James Just had been unable to find it the week before, but we didn't have much trouble. The beta we had from MountainProject.com was spot on - from The Notch traverse horizontally along the east side of the ridge until you get to the base of the gully. There was one obstacle on the way though - a 20' delicate slab traverse. This was pretty intimidating in mountaineering boots, but trivial in climbing shoes. So we switched out of our boots into climbing shoes (we brought 'em, so we might as well use 'em).
After the 20' slab traverse we were at the base of The Staircase. The Staircase was relatively snow free but was flowing with a lot of water. It looked very blocky and pretty straightforward - 4th class or 5.easy - so I set off to free solo it. I got about 80% of the way up it before I encountered a series of moves I just couldn't screw up the courage to free solo. My shoes were wet and muddy and before me lay a series of delicate slab moves on small crystals with an awkward undercling flake for hands. I wasn't sure how good the hands were going to be farther around the flake and my wet and muddy climbing shoes didn't inspire much confidence so I waited for Fabio to bring up the rope. I threw a couple of cams below the flake and pulled the moves without issue. In another 50' I was on the ridge crest with nothing but a short 3rd class scramble between us and the summit.
Knowing that I had needed to protect some moves Michael and Brian set up an anchor at the bottom of The Staircase and Michael led the whole pitch - it turned out to be a full 60m pitch.
Once we were all on the ridge crest we set off for the summit. The weather was beginning to close in so we were in a bit of a hurry. The clouds were looking very ominous and we heard distant thunder every once in a while.
Soon we were on the summit. We spent just enough time to catch our breaths and let Brian perform his new summit ritual - summit pushups.

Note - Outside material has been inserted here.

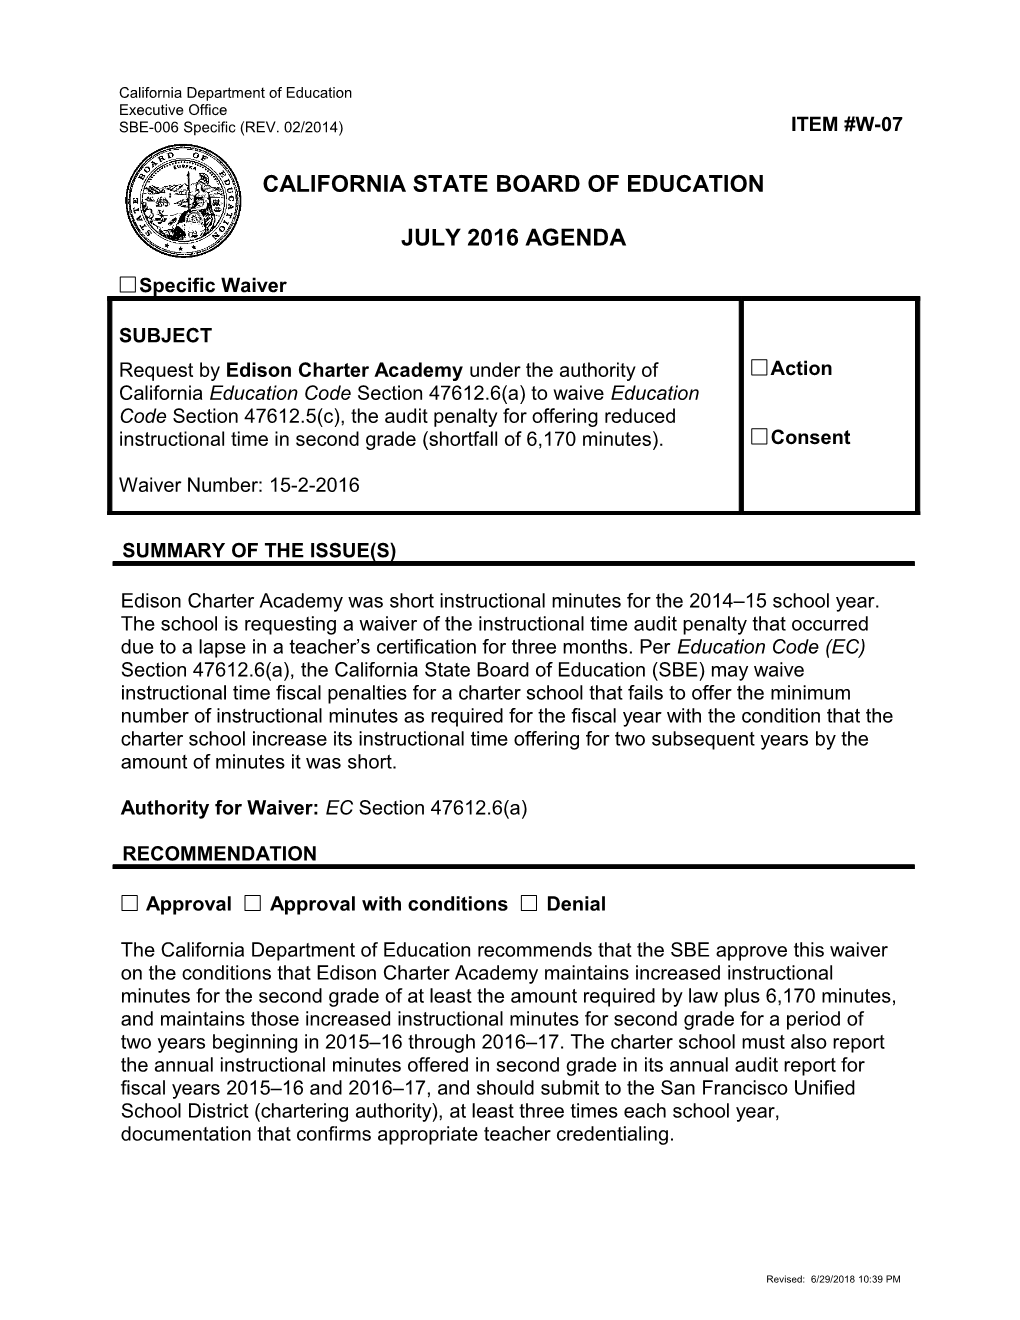 July 2016 Waiver Item W-07 - Meeting Agendas (CA State Board of Education)

I'm still not sure what the logic is behind the number of pushups on the summit... Was it 14,255 pushups for the elevation? Or 30+ pushups for the number times Brian had summitted Longs? I think it ended up being as many as he could do - about eight (not bad with 30lb pack on, at 14,255', after a 12 hour ascent).
After the summit ritual and a round of handshakes and congratulations we beat a hasty retreat down the North Face. The snow was really soft and crappy, with periodic sheets of manky ice beneath it. It seemed like it took forever to finally find the eyebolts. En route we caught a few snow flurries and our axes buzzed a couple of times but we really lucked out with the weather. Eventually we were all rapped down and on the snow apron below The Cables Route. Then there was a couple hundred-foot hellacious posthole slog down the snow apron and onto the boulders. When we finally made it down to the boulders we took a nice long rest break - we'd made it past all the difficulties and it seemed like the weather was going to pass us without issue. All that remained was the death march back to the car.
The weather continued to hold and was actually quite pleasant during the hike down. The mosquitoes were pretty bad from the Jims Grove junction all the way down to the car but otherwise the hike out was uneventful. We arrived back at the car at 7:15pm - exactly 18 hours after departing. This trip set a new personal record for earliest departure from home (11:45 the night before), earliest time to hit the trailhead (1:15am), and long car-to-car time (18 hrs). I was whooped, but not too whooped for the traditional fish burrito and margarita at Ed's Cantina.